Kyrylo Khovayko

Personal information
- Full name: Kyrylo Yuriyovych Khovayko
- Date of birth: 17 June 2001 (age 24)
- Place of birth: Dniprodzerzhynsk, Dnipropetrovsk Oblast, Ukraine
- Height: 1.78 m (5 ft 10 in)
- Position: Midfielder

Team information
- Current team: Uzhhorod (on loan from FC UCSA Tarasivka)
- Number: 77

Youth career
- 2014–2015: Inter Dnipropetrovsk
- 2015–2018: Dnipro

Senior career*
- Years: Team / Apps / (Gls)
- 2018–2022: SC Dnipro-1 / 1 / (0)
- 2023–2024: FC UCSA Tarasivka / 25 / (3)
- 2025: FC Standart Novi Sanzhary / 6 / (2)
- 2025–: FC UCSA Tarasivka / 2 / (0)
- 2026–: → Uzhhorod (loan) / 10 / (4)

= Kyrylo Khovayko =

Ukrainian footballer

Kyrylo Yuriyovych Khovayko (Кирило Юрійович Ховайко; born 17 June 2001) is a professional Ukrainian football midfielder who plays for Uzhhorod, on loan from FC UCSA Tarasivka.

==Career==
Khovayko is a product of the Inter and the Dnipro youth sportive schools in his native Dnipropetrovsk Oblast and in July 2018 he signed a contract with Ukrainian side SC Dnipro-1, that was promoted to the Ukrainian First League in this time.

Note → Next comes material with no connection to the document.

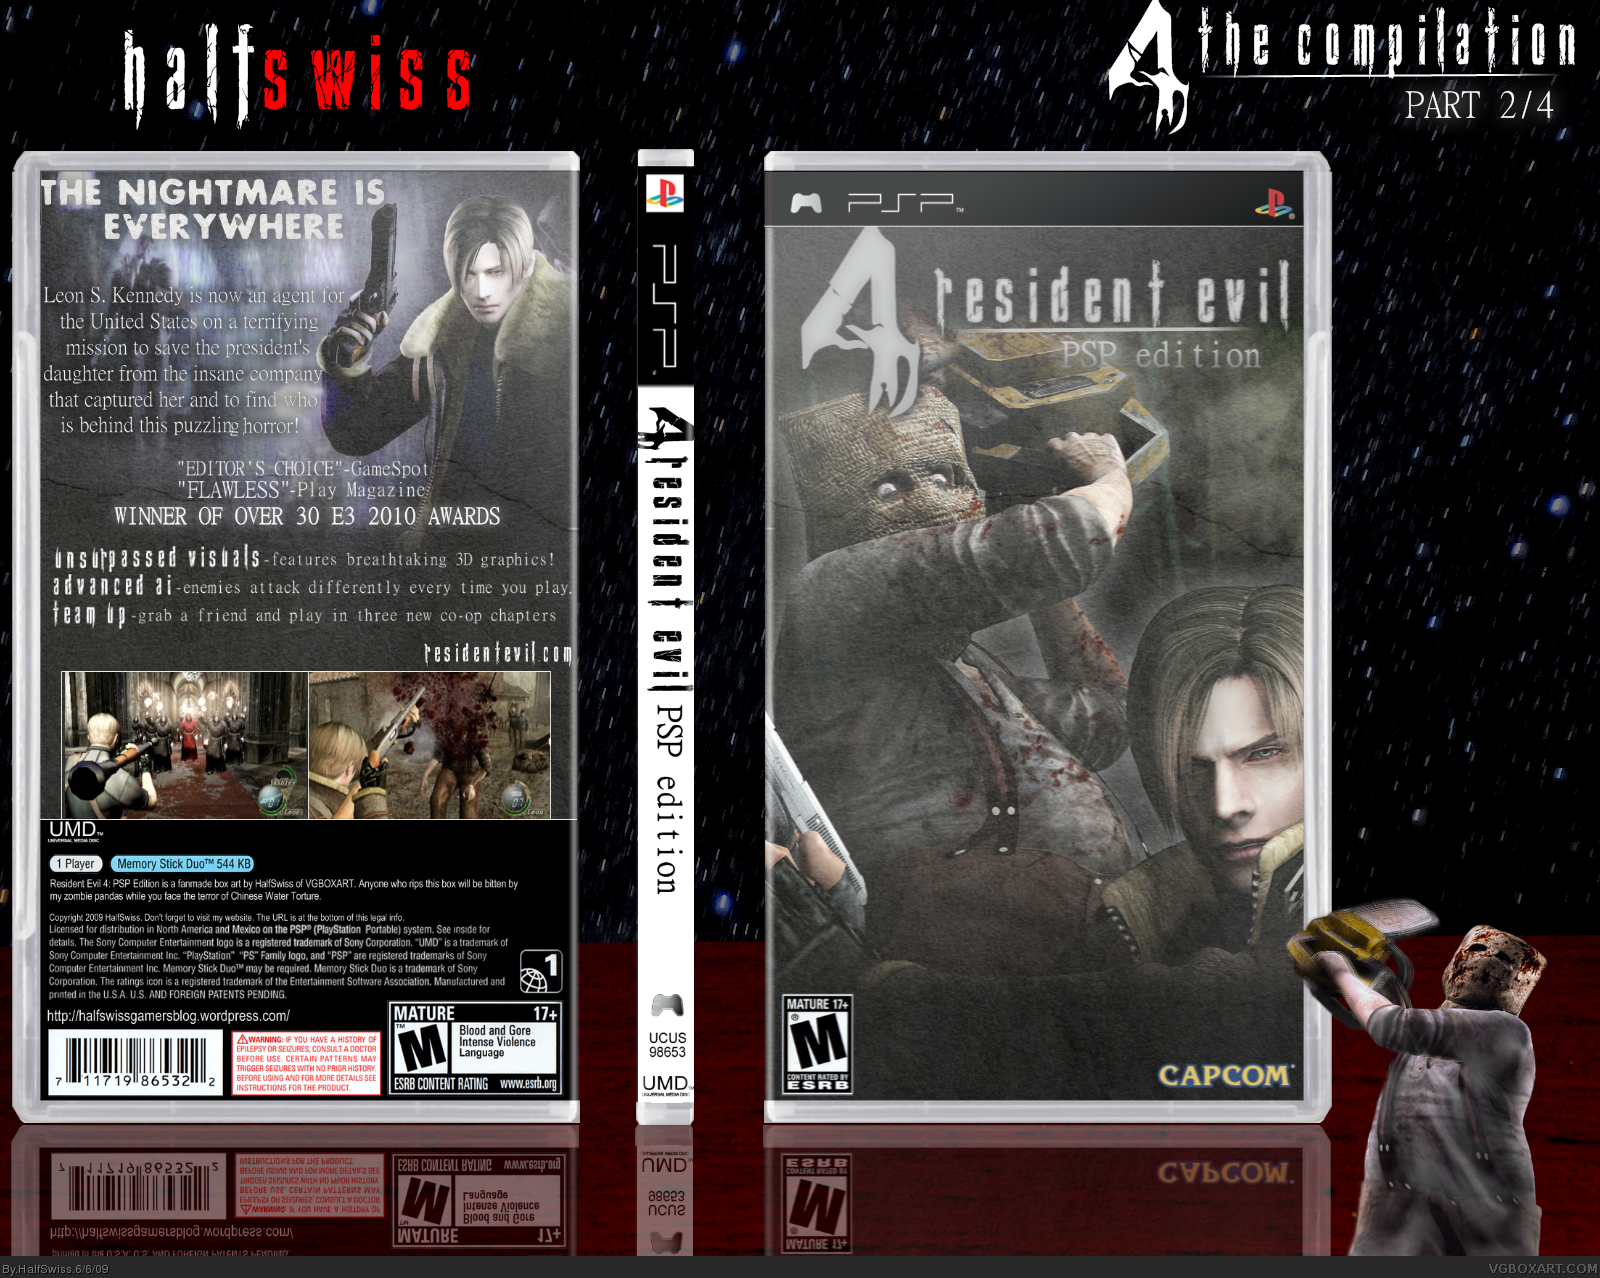 Resident Evil 4: PSP Edition box cover

In December 2020 he was promoted to the main squad to play in the Ukrainian Premier League. Khovayko made his debut in the Ukrainian Premier League for SC Dnipro-1 as a second-half substituted player on 6 December 2020, playing in a losing away match against FC Zorya Luhansk.